I can get into bridges ok with arnoldg and my recently updated psc password, but not info.psc.xsede.org ... "permission denied".  Can you see what's happening?  Is there some propagation delay there on a password reset?

I probably forgot a step - will check and get back to you. - Derek

Galen, please retry your ssh login to info.psc.xsede.org - SSH should let you in now...

Hi Derek,

Can Galen access the Slurm logs from this host?

Thanks!

Shava

Yes, Galen should be able to read the Bridges SLURM logs at /var/log/slurmctld.log

[dsimmel@info ~]$ ls -l /var/log/slurmctld.log

-rw-r--r-- 1 root root 1153204740 Mar  9 19:53 /var/log/slurmctld.log

Thanks!

You should try the pip install method of installation, particularly if you are testing on resources where you don't have root.  You shouldn't need root to test most functionality.

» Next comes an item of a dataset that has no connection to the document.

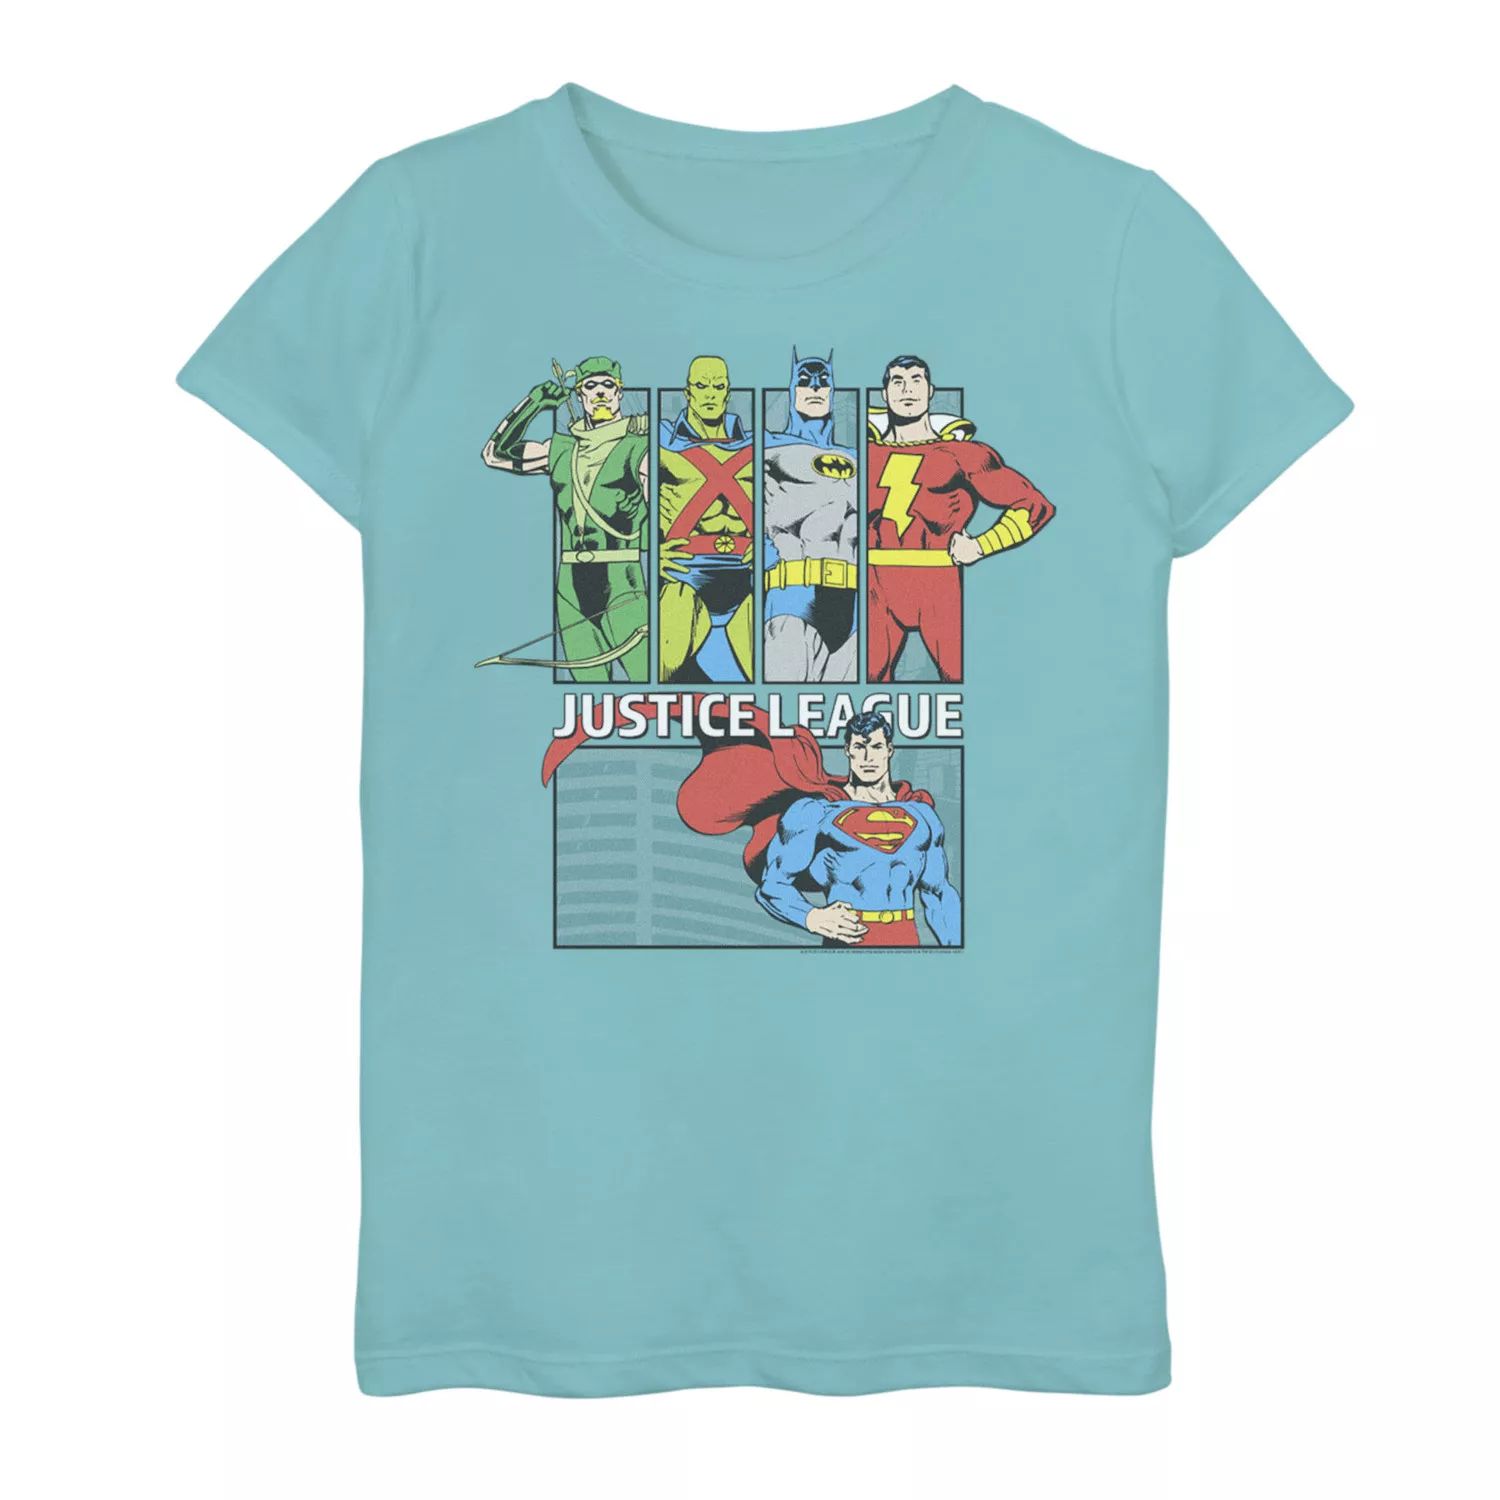 Футболка с графическим рисунком и панелями «Лига справедливости DC Comics» для девочек 7–16 лет DC Comics футболка с геометрическим плакатом и графическим рисунком dc comics для девочек 7–16 лет с бэтменом dc comics

It would be good if you could run through at least a minimal RPM install on a system where you have root (even if it is not a real resource), just to sanity check the RPM.

Ideally, all tests in the main part of the test plan (not the appendix) should be run, though not all are applicable on all resources.  You probably don't need special permissions for anything except possibly looking at the slurmctl.log for the job updates flow, or running the workflows as services, which isn't terribly important for testing.

I didn't find any reference in the Test Plan to "service ipf-RESOURCE_NAME-glue2-activity start" ( Install guide test example 3. ).  Is that ok to leave out of this testing?  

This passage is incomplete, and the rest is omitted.